→ PROBLEM DETAILS: Repeat the data as given. Images do not go in the copy.

→ DATASET EXTRACT:
● ● ●

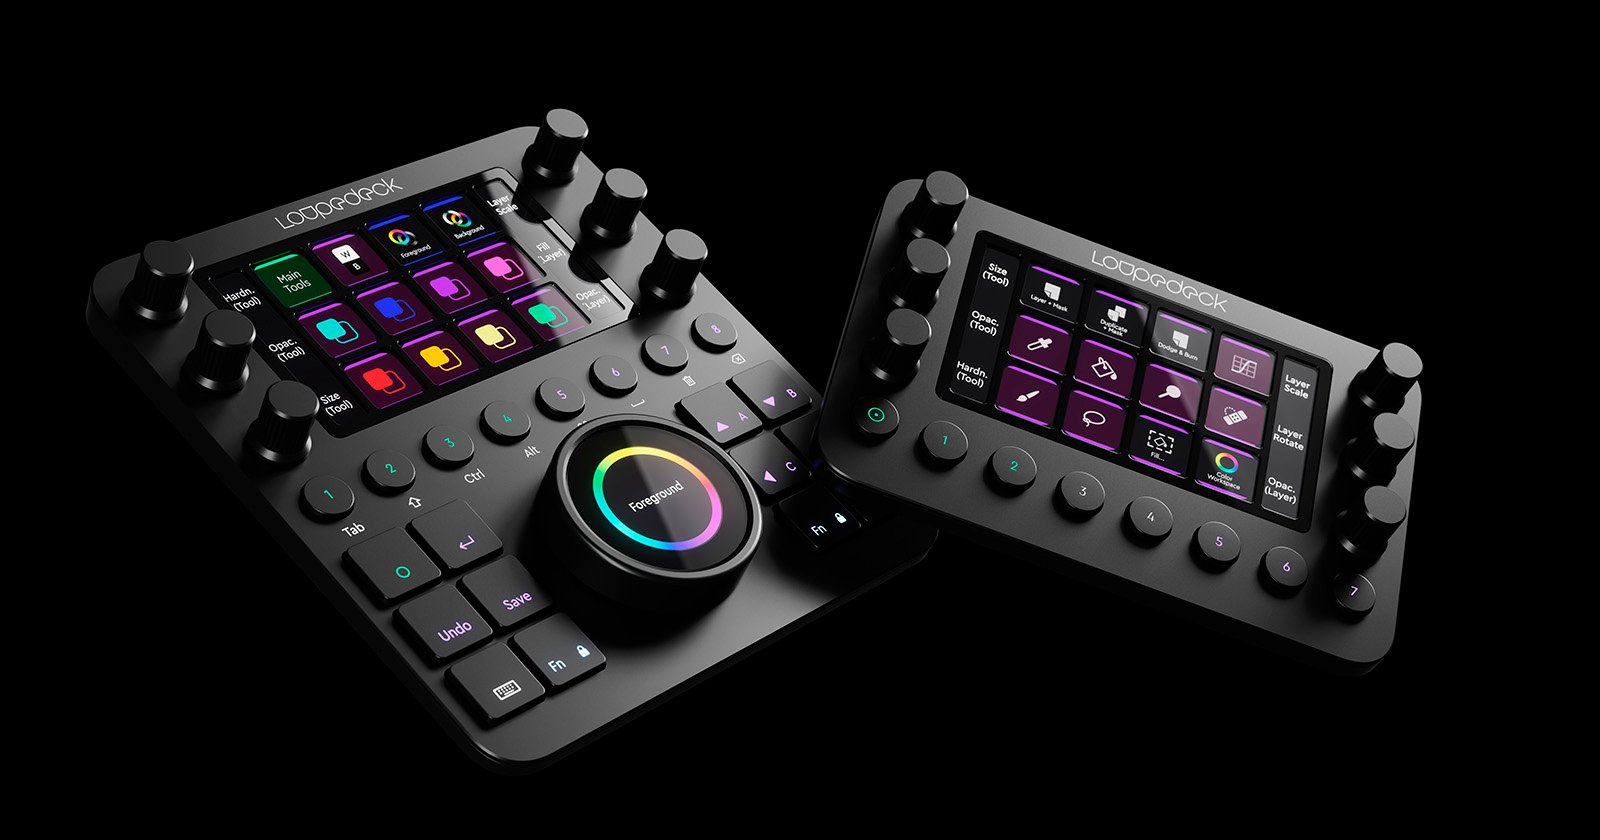 Loupedeck Creative Tool - Professional Custom Editing Console for Photo,  Video, Music and Design
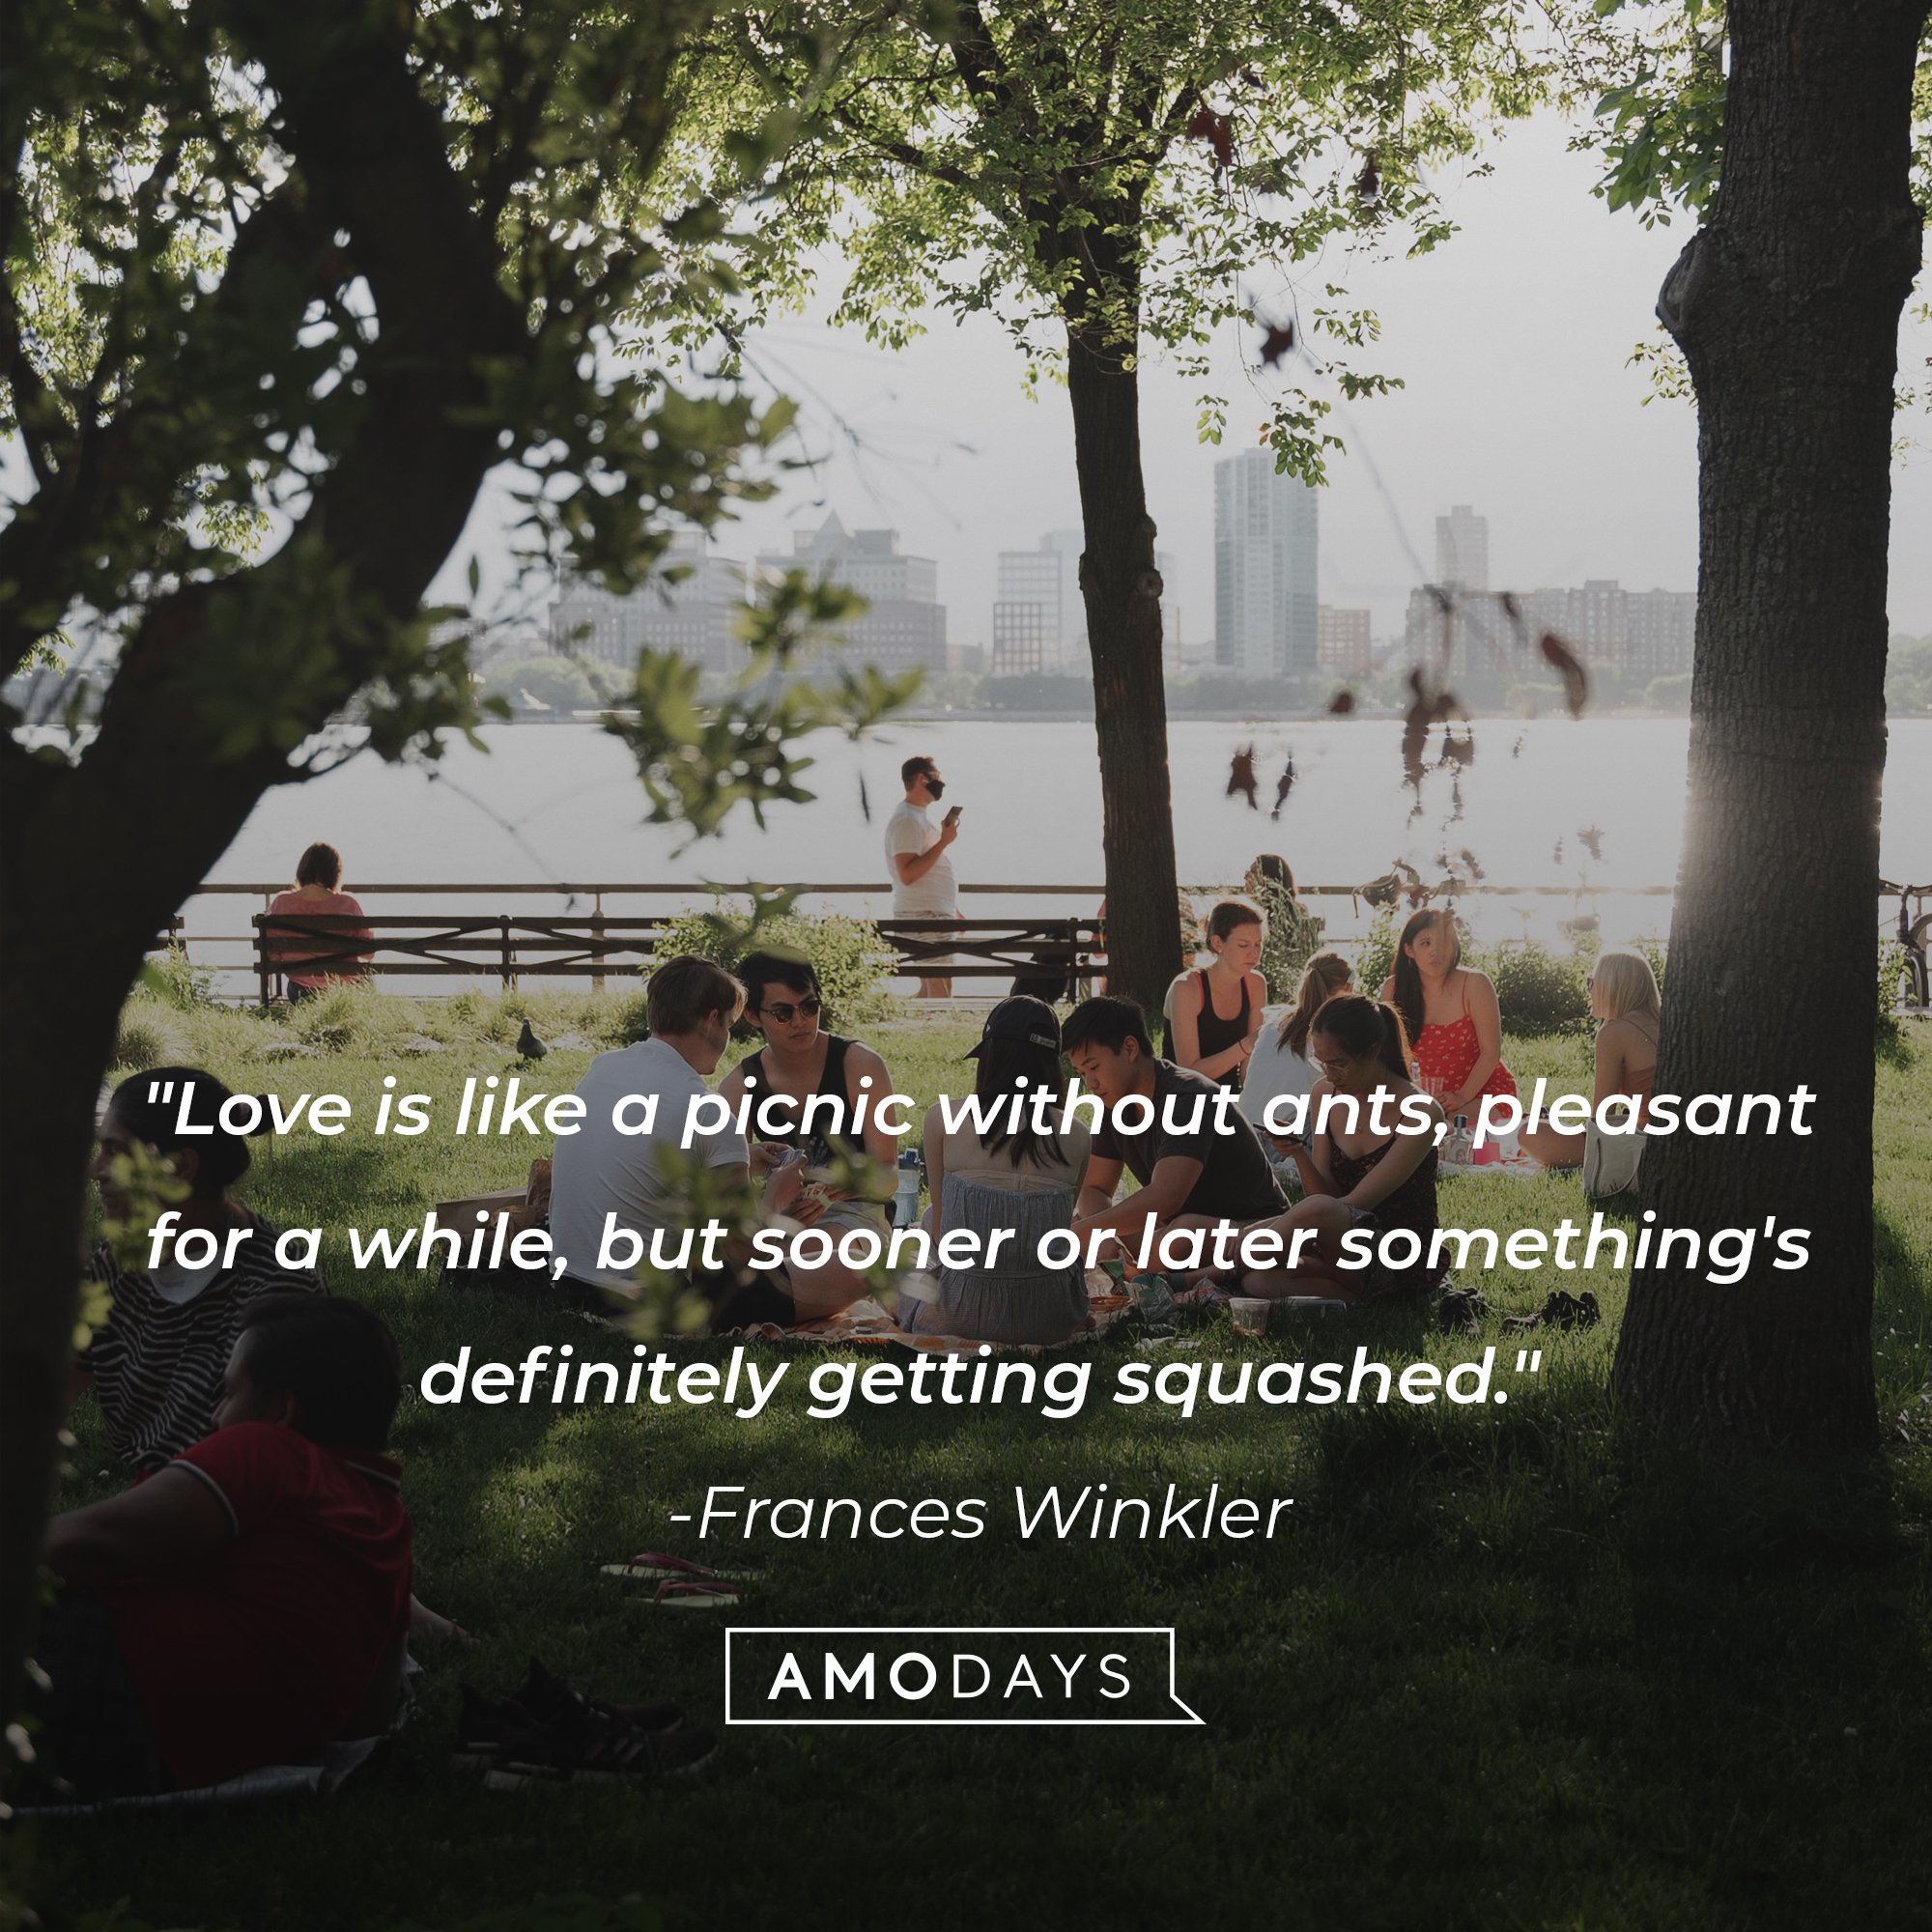 Frances Winkler's quote: "Love is like a picnic without ants, pleasant for a while, but sooner or later something's definitely getting squashed." | Image: AmoDays
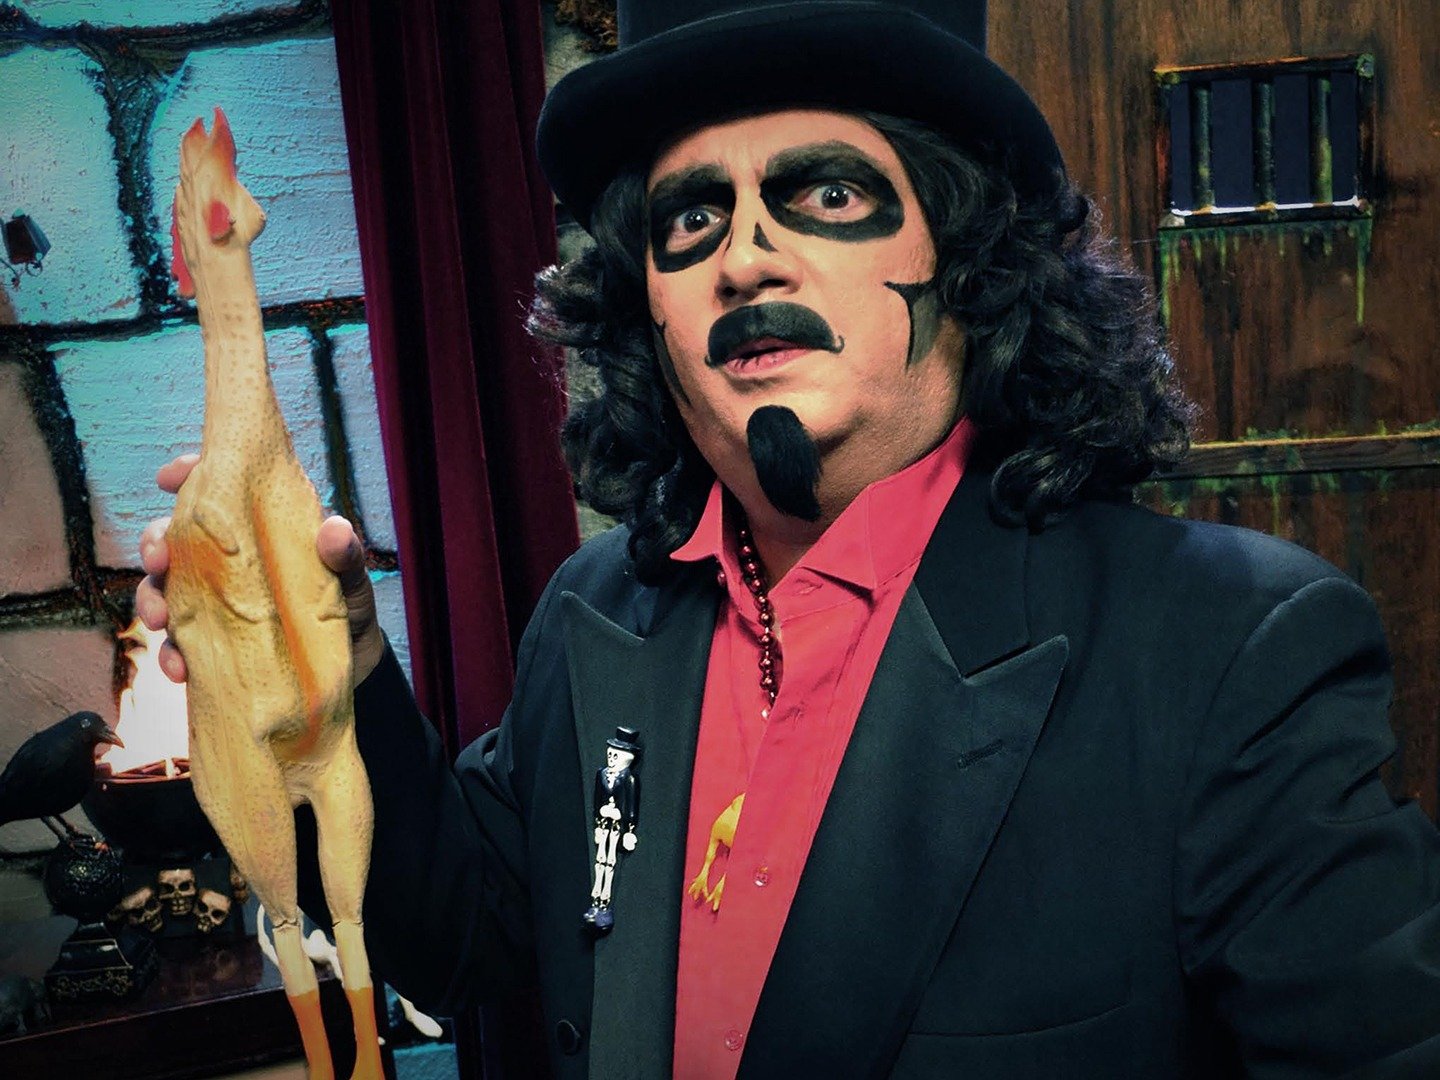 Svengoolie on TV Episode 8 Channels and schedules
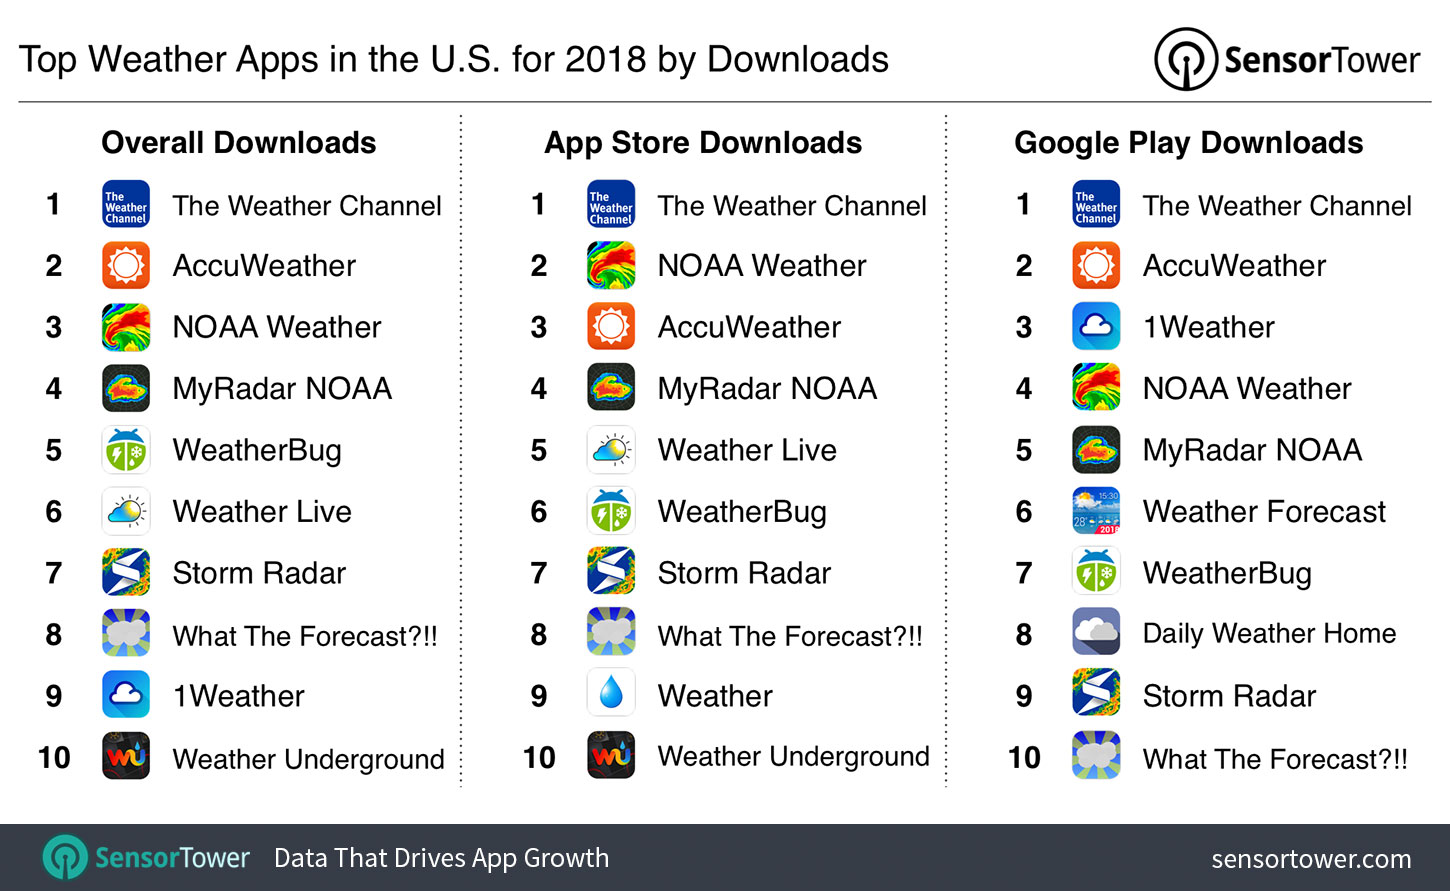 Top Weather Apps by Downloads in the U.S. for 2018

● ● ●

→ COMPLETED TASK:
 Loupedeck Creative Tool - Professional Custom Editing Console for Photo,  Video, Music and Design
 Frances Winkler's quote: "Love is like a picnic without ants, pleasant for a while, but sooner or later something's definitely getting squashed." | Image: AmoDays
 Svengoolie on TV Episode 8 Channels and schedules
 Top Weather Apps by Downloads in the U.S. for 2018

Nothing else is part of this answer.